# [Exercise requirements]
Without the images, repeat every line of the listing exactly.

# [Collected data]

'''

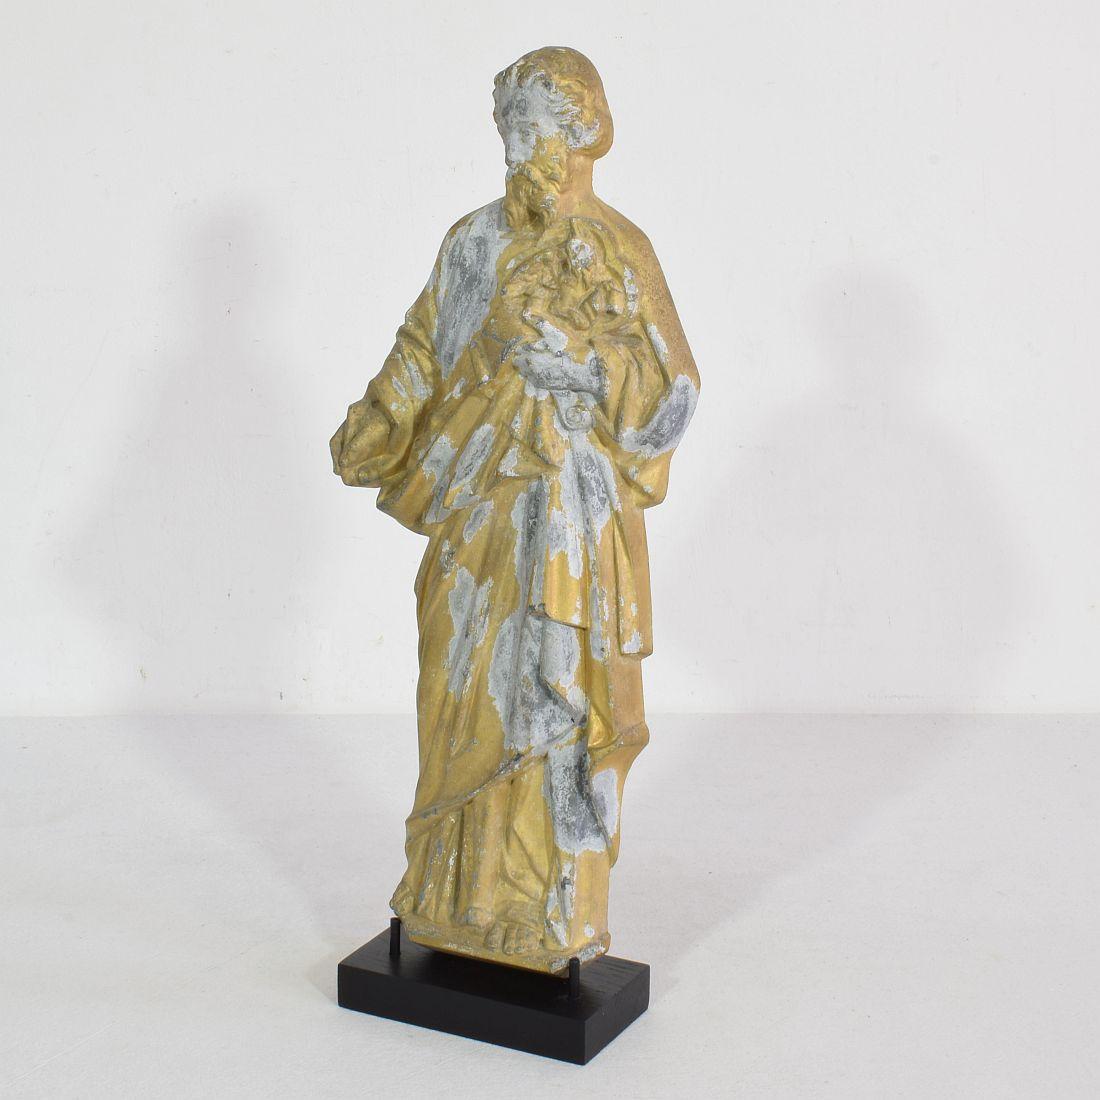 Merveilleuse statue de saint en métal doré avec une belle expression.
France, vers 1880-1900.
Météorisé. Les mesures incluent la base en bois.

'''

# [Output for this exercise]
 Merveilleuse statue de saint en métal doré avec une belle expression.
France, vers 1880-1900.
Météorisé. Les mesures incluent la base en bois.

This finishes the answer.